Despite its relatively small parameter size, LLaMA demonstrates the ability to efficiently exploit the knowledge embedded in its parameters, demonstrating its potential as a powerful tool for zero-shot question answering tasks. Models such as InstructGPT and GPT-3 with a large parameter size of 175B also exhibit competitive performance. InstructGPT achieves 57.4% high accuracy on the TQA dataset and consistently performs well on other datasets. GPT-3 also demonstrates competitive results.
Detailed Architecture Component Analysis We now evaluate the performance of each component used in our approach, especially the retriever and generator, when combined with LLaMA. The goal is to understand the individual contributions of these components to overall performance. We compare the results on TQA and NQ datasets using different model combinations. Figure 3 shows the performance comparison of DPR + LL aMA and Tongue GPT + LLaMA models on TQA and NQ datasets.
On the TQA dataset, when trained with 2 documents, the DirectGPT+LLaMA model achieves EM scores of 67.1% and 70.1% on the development and test sets, respectively. When training with 5 documents, the performance on the dev and test sets improves to 68.4% and 71.8%, respectively. On the NQ dataset, the DirectGPT+LLaMA model shows competitive performance. Across 2 documents, the model achieves an EM score of 42.1% on the dev set and 42.0% on the test set. When training with 5 documents, the EM score increases only to 43.6% on the dev set and 44.5% on the test set. These findings suggest that while adding more documents to the training process can have some positive impact on model performance, there may be a diminishing return in terms of improved accuracy. Therefore, a careful balance should be struck between the number of training files and the resulting performance to ensure optimal utilization of computing resources and training time.

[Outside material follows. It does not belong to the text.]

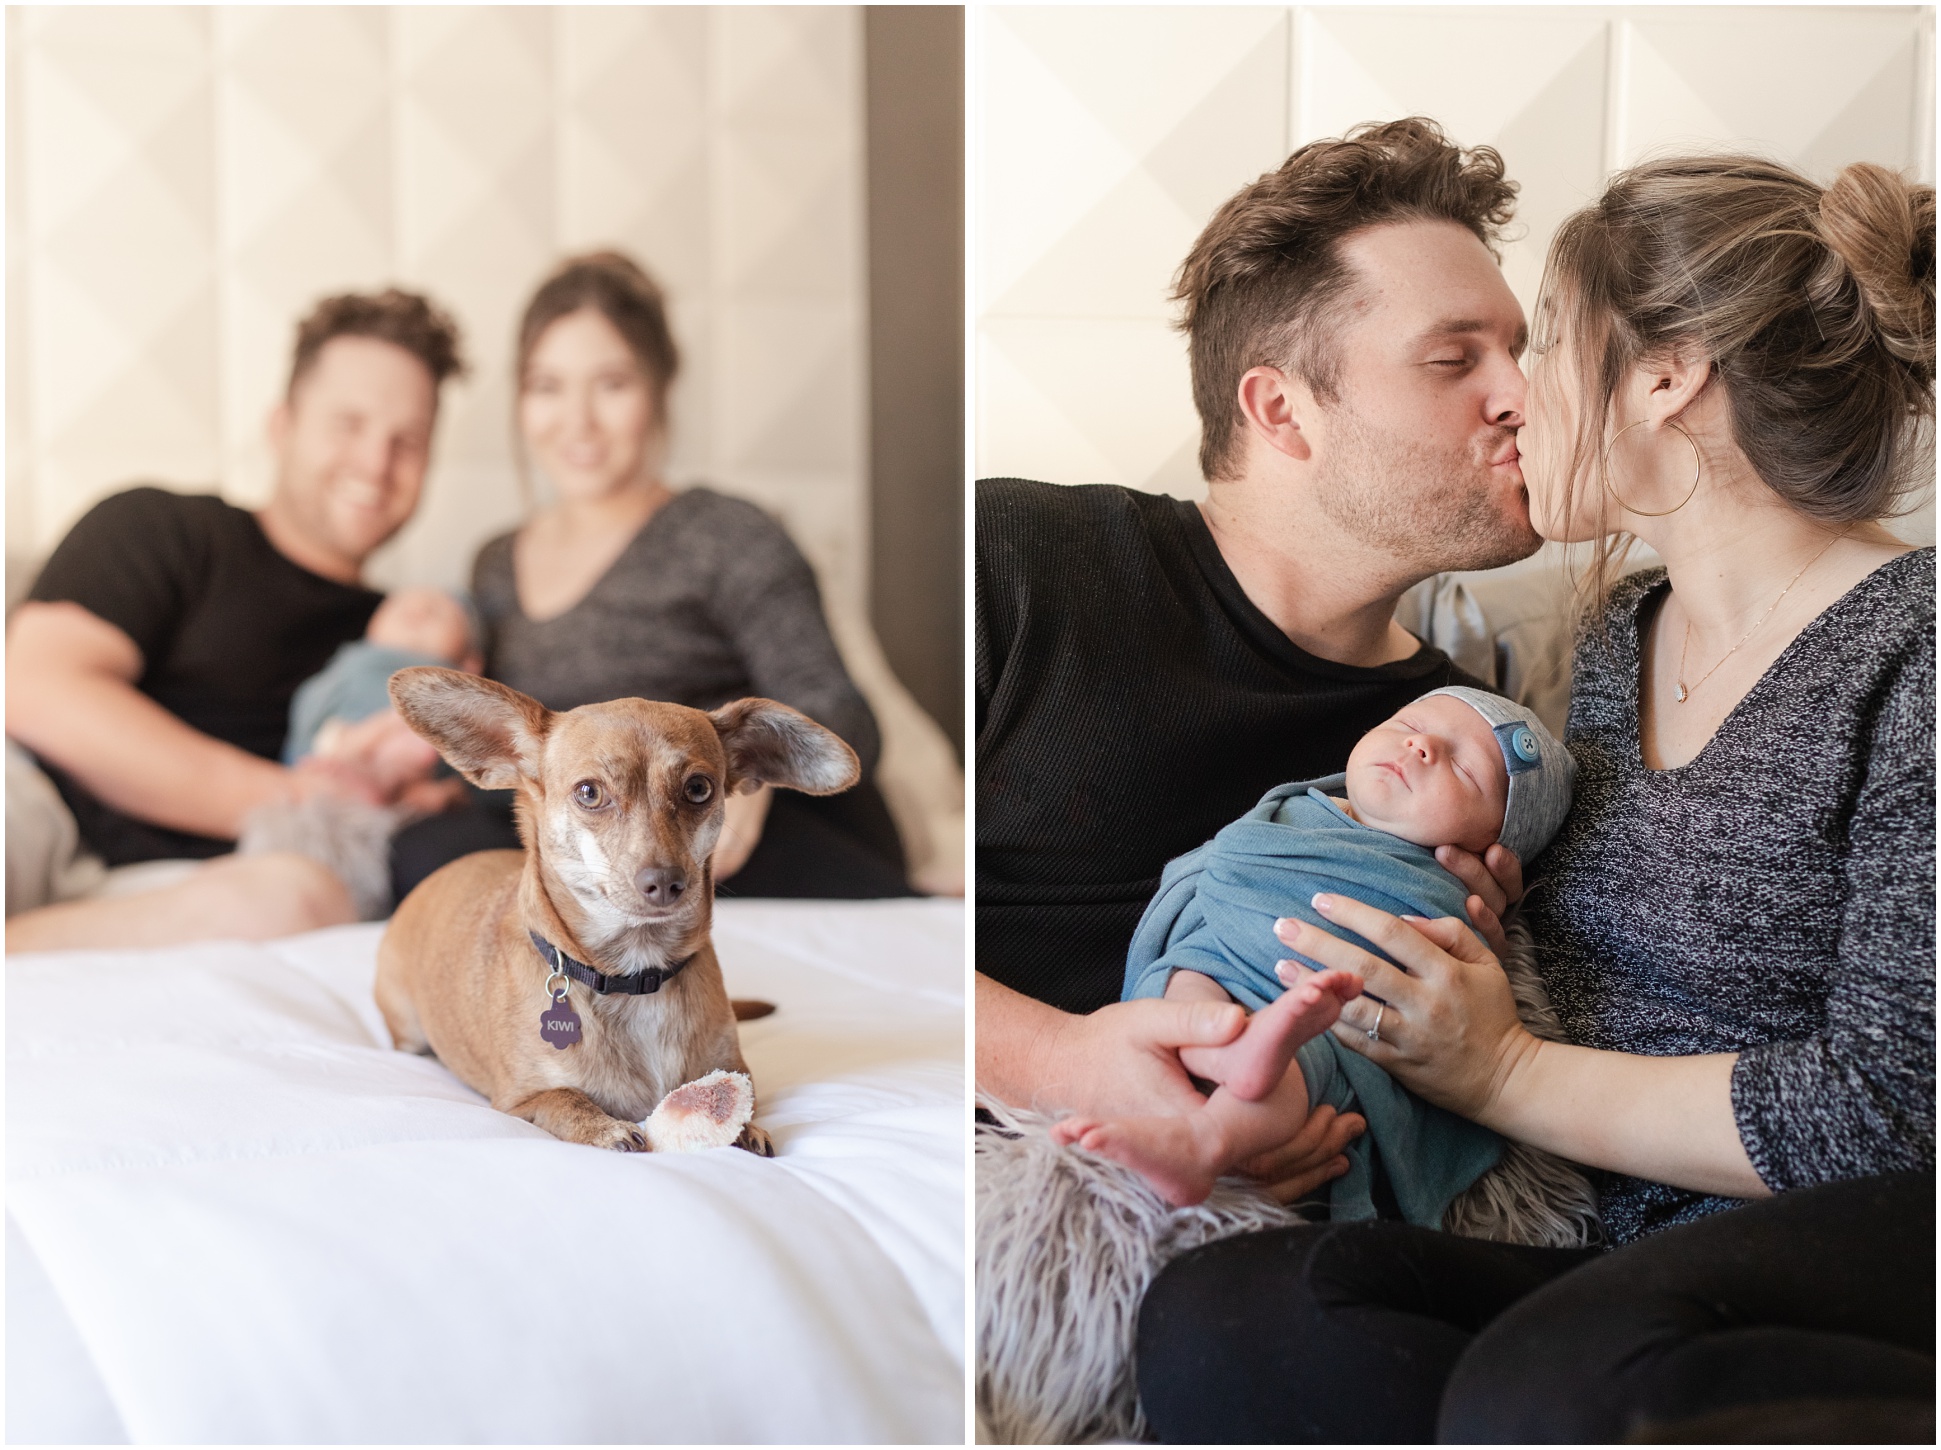 family dog in focus on bed with mom dad and newborn smiling in background; mom and dad kissing while holding baby in between them
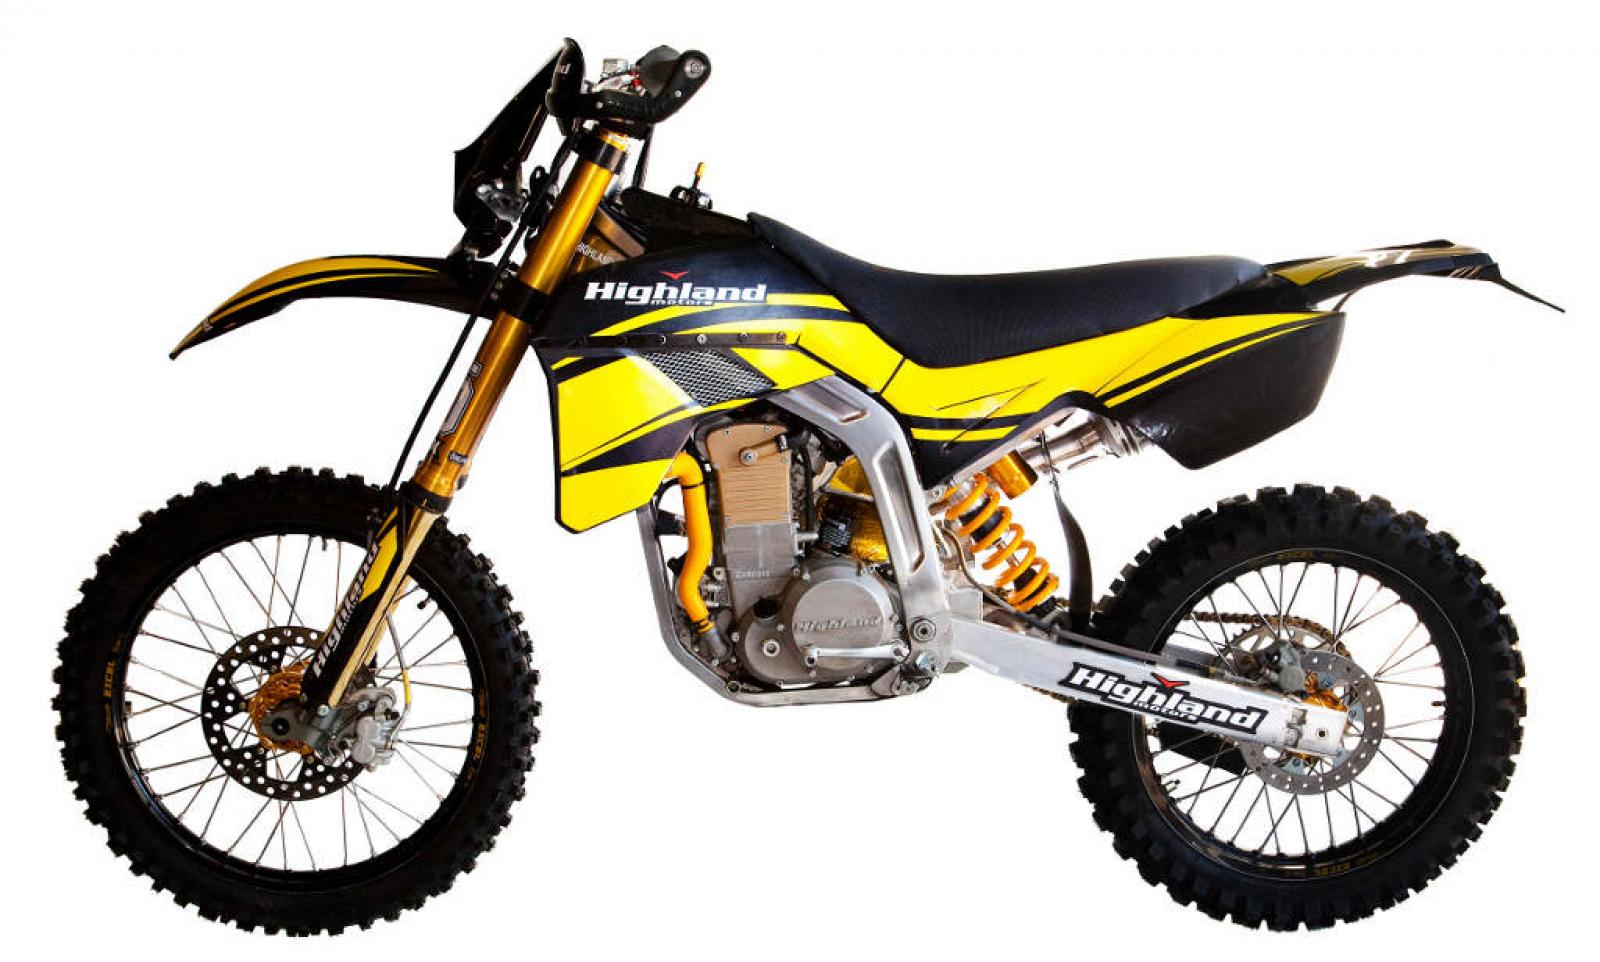 Highland 750 V2 Desert X For Sale Specifications, Price and Images

Impact of top-k answers on performance We finally analyze the impact of different top-k values on the performance of our proposed method. Table 4 shows the EM and F1 scores for different top-k values on the NQ and TQA datasets. We observe that the EM score continues to improve as the top-k value increases. For example, on the NQ dataset, the EM score increases from 56.3% of top-1 to 71.6% of top-5. Likewise, on TQA, the EM score increases from 76.2% of top-1 to 82.6% of top-5.
6 Conclusion
In this paper, we propose a generator-retriever-generator approach for improving open-domain question answering systems. By combining generated and retrieved documents, we achieve significant performance gains on several benchmark datasets. Our experiments show that GRG outperforms existing baselines in both accuracy and efficiency. The results show that it is effective to combine generated and retrieved documents during reading, taking full advantage of the comprehensive advantages of language models and retrieval systems. Future work should focus on improving the accuracy of document retrieval methods, possibly by using more methods. Advanced retrieval models or incorporating additional contextual information. Further study hyperparameter configuration, such as the number of documents generated and retrieved.